While readying The 100 Best for it's updated paperback release this fall, we spent some extra time with the books we featured briefly in our Takeaway chapter of the book, expanding the reviews to include more detail. It was especially fun for us to revisit Thinkertoys not only because some of the content is reminiscent of those variety puzzle magazines found in drugstores that we all secretly and not-so-secretly love, but because of it's applicability. Just as the subtitle--A Handbook of Creative-Thinking Techniques--says, Thinkertoys can help those aforementioned folks who aren't the creative type learn how to be creative. That's the important word here: learn. No, not everyone is creative. But creativity, according to Michalko, can be self-taught, cultivated, discovered. You can choose to BE creative.

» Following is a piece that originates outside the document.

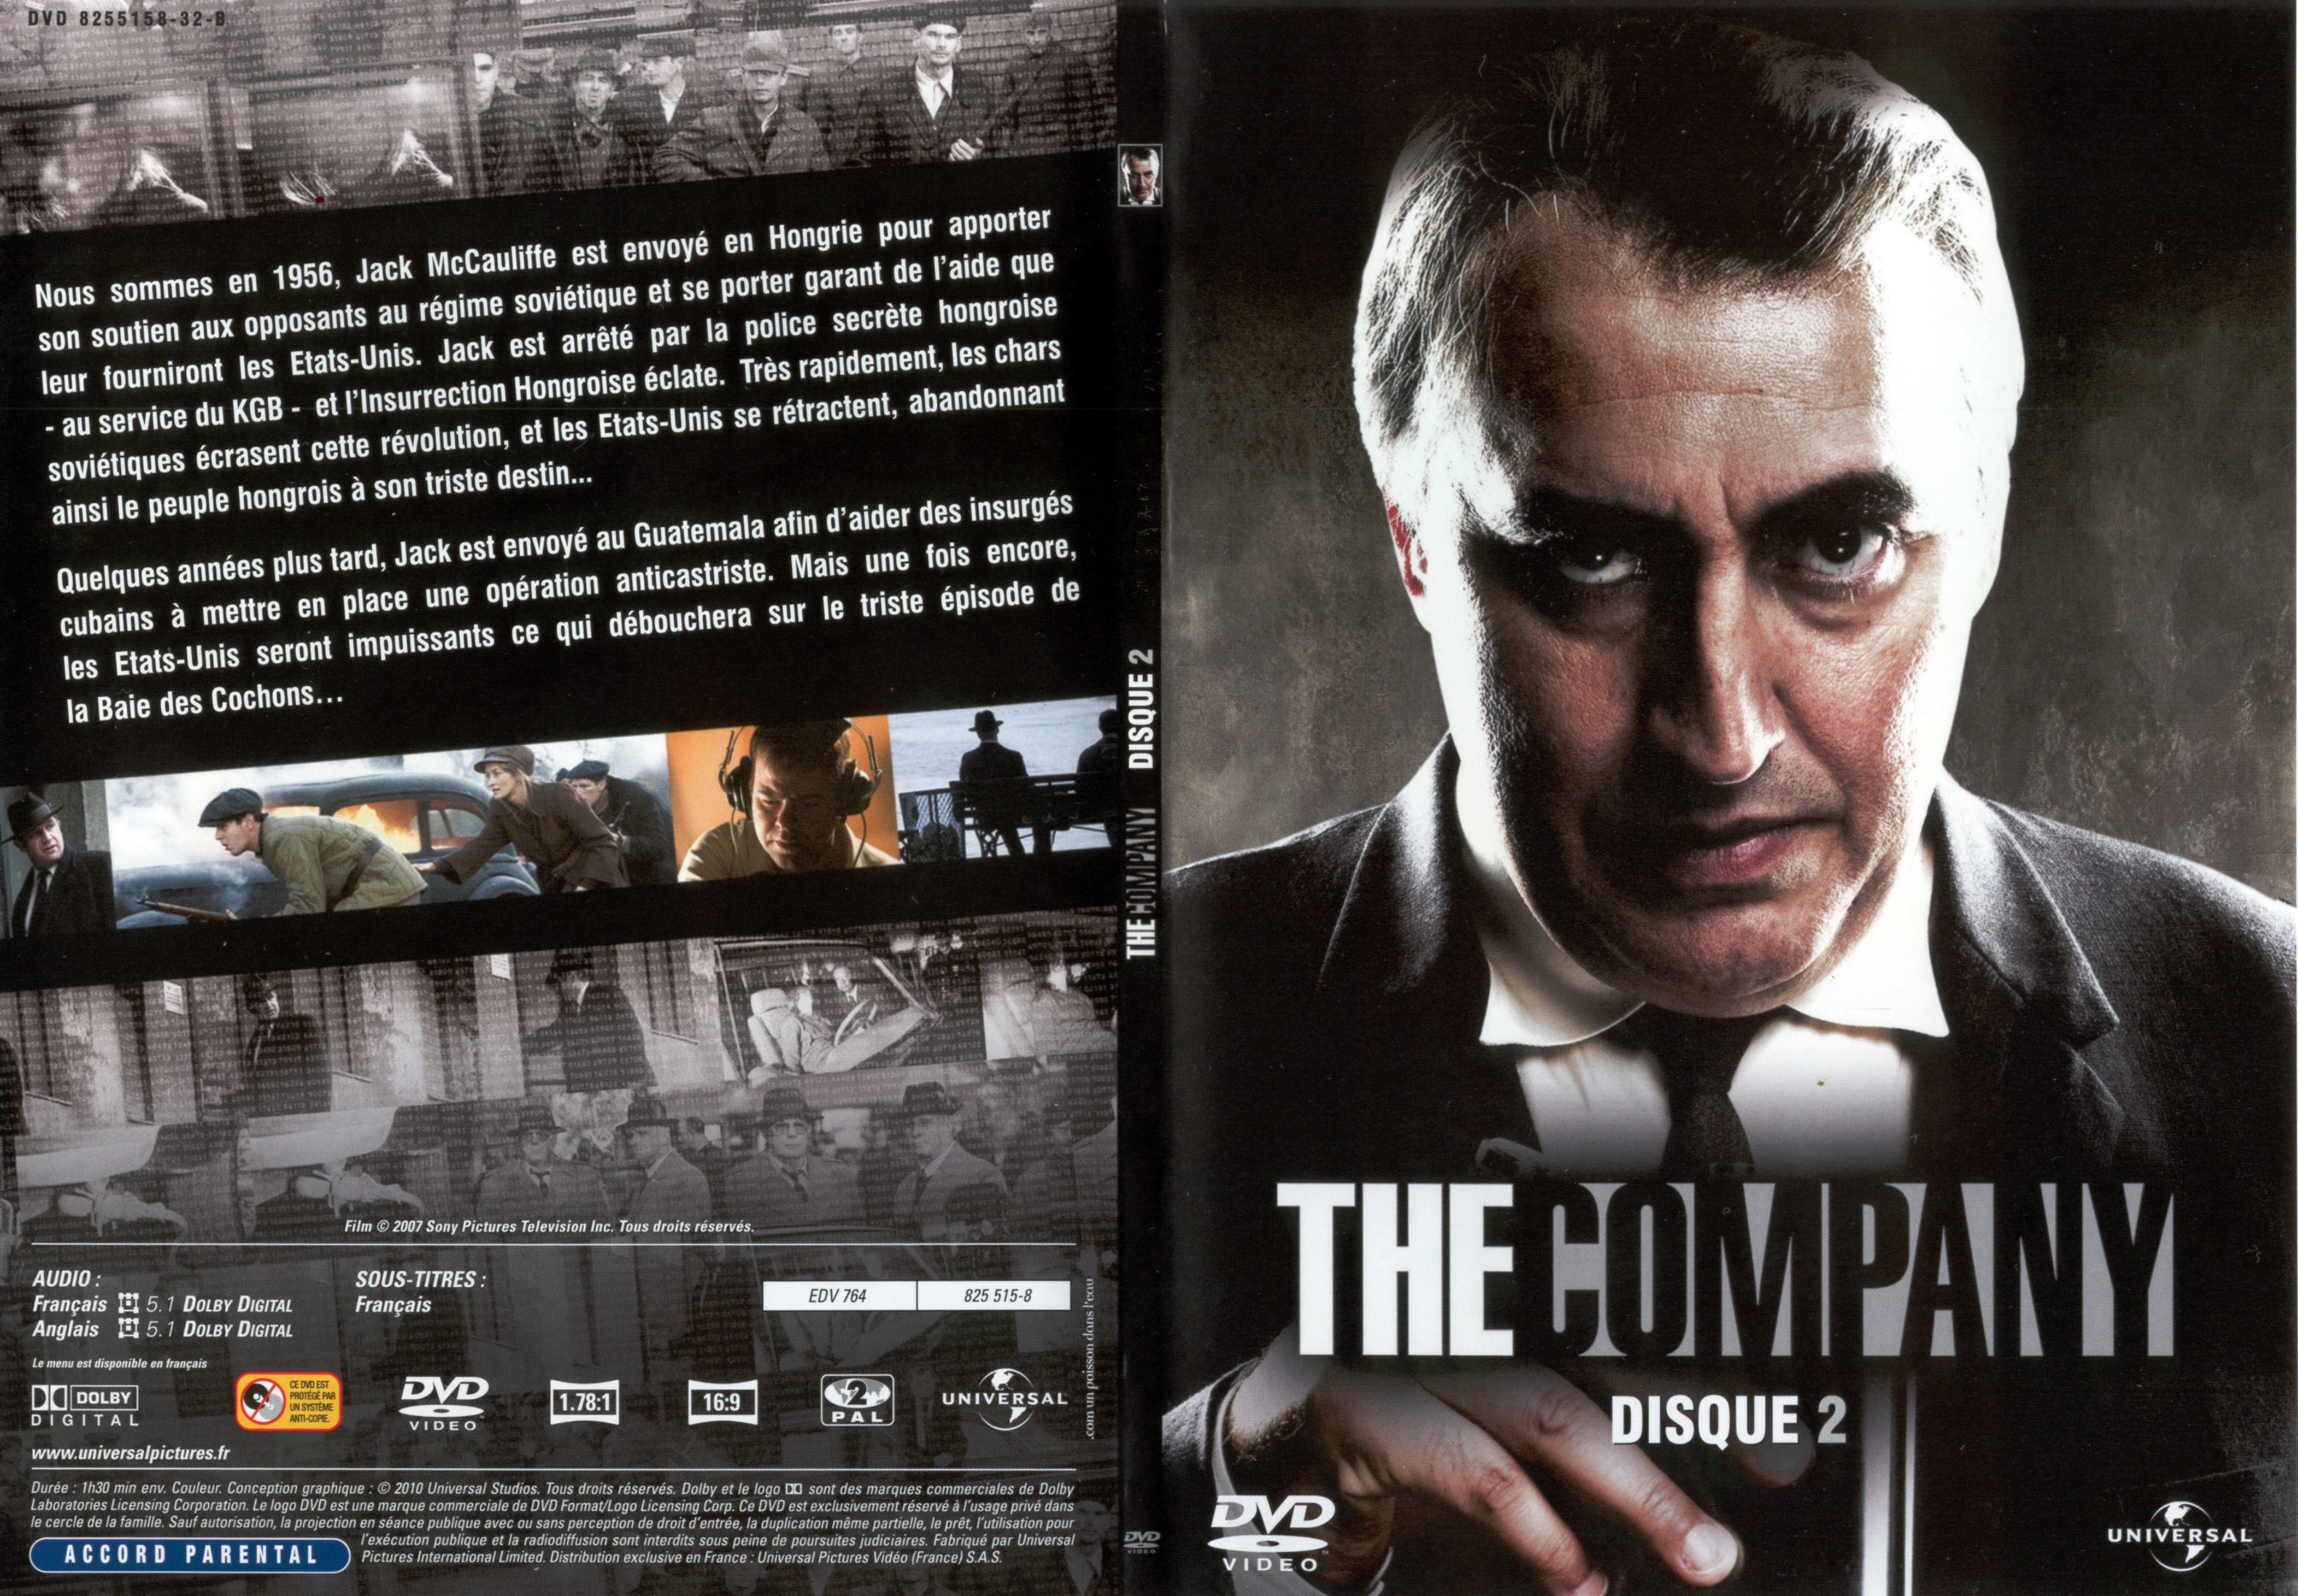 Jaquette DVD The company DVD 2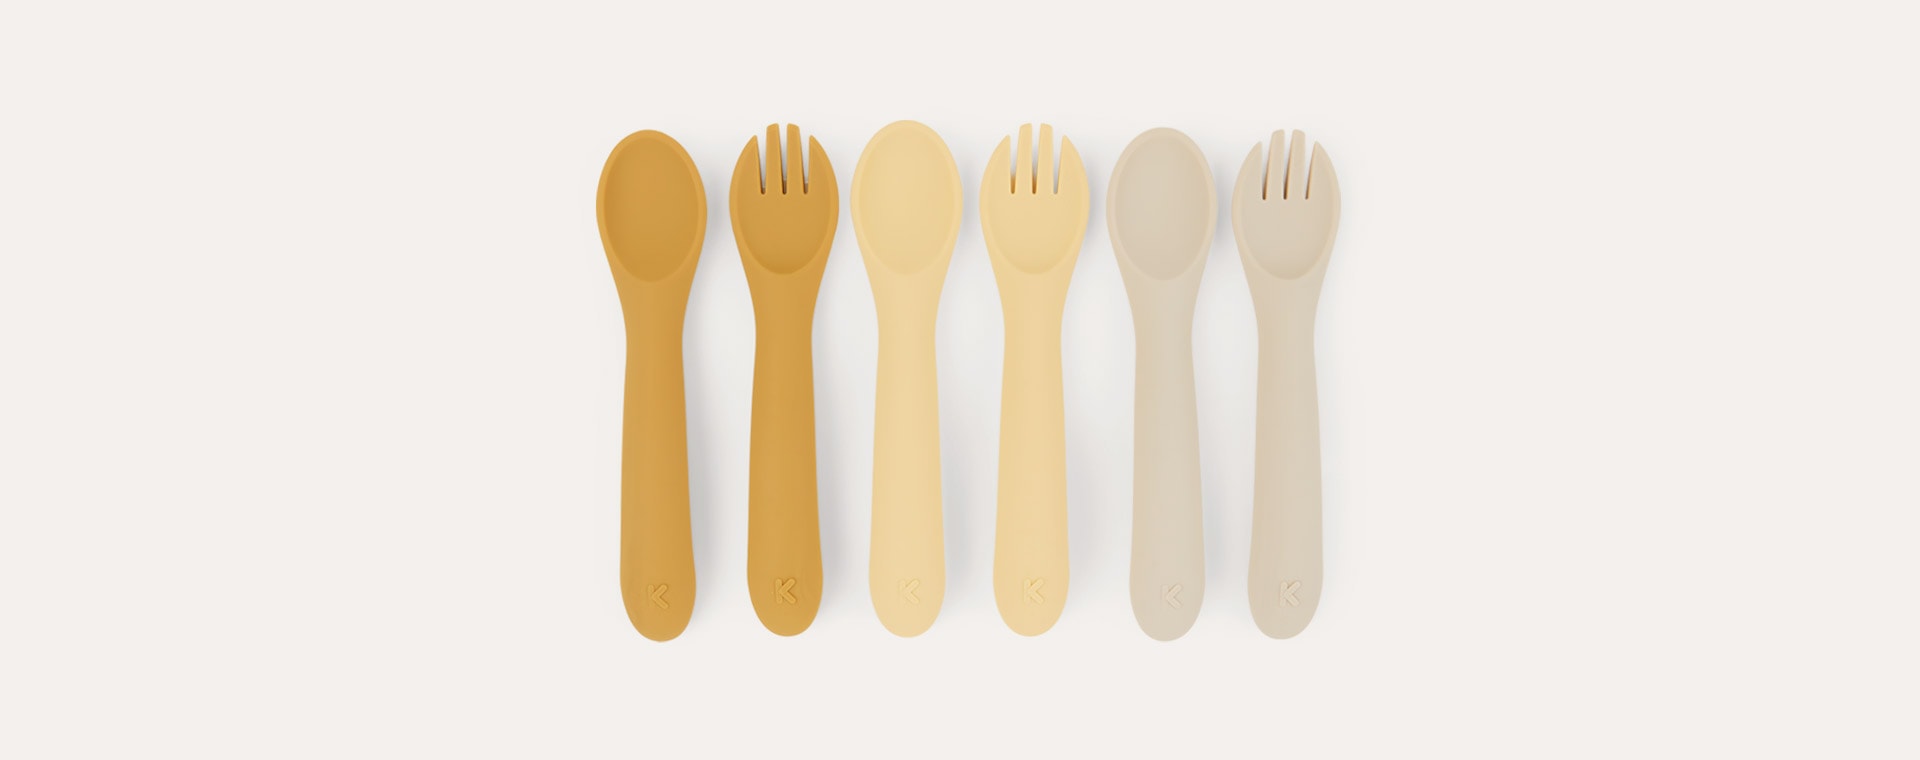 Toffee Mix KIDLY Label 6-Pack Spoons & Forks

And Michalko knows a thing or two about getting creativity-resistant organizations to change. His website bio explains:
As an officer in the United States Army, Michael organized a team of NATO intelligence specialists and international academics in Frankfurt, Germany, to research, collect, and categorize all known inventive-thinking methods. His international team applied those methods to various NATO military, political, and social problems and in doing so it produced a variety of breakthrough ideas and creative solutions to new and old problems. After leaving the military, Michael facilitated CIA think tanks using his creative thinking techniques.Just a visit to his website, not unlike PhysOrg in its wealth of references, which yields an absolutely stunning assortment of articles, interviews, resources: a veritable practicum. You can also follow Michalko via his blog on Psychology Today. But perhaps his work is best appreciated in book form, where you can scribble in the margins, and bend the pages, and carry it over to your coworker's cubicle to test them on one of his thought experiments. Yes, make sure you have a pen when you are opening up one of Michalko's books, and we are all very lucky that he has a new one available for us to learn from, titled Creative Thinkering. In Creative Thinkering, Michalko challenges us to put our imaginations to work and believes with a great passion that everyone is creative. Or should be. Or can be. It is as though we've unlearned creativity. "We've been educated to process information based on what has happened in the past, what past thinkers thought, what exists now. Once we think we know how to get the answer, based on what we have been taught, we stop thinking," he explains in the Introduction, and then immediately proceeds to challenge the way you think with some mind-bending games. In this new book, Michalko wants to teach us conceptual blending, "which is the act of combining, or relating, unrelated items in order to solve problems, create new ideas, and even rework old ideas....It is no coincidence that the most creative and innovative people throughout history have been experts at forcing new mental connections via the conceptual blending of unrelated objects." And once again, the material he presents throughout the book is entertaining but also so very do-able. Through the exercises and insights in his books, Michalko provides the material to train even the most creatively-blind how to open his or her eyes to their own and others' creative ideas.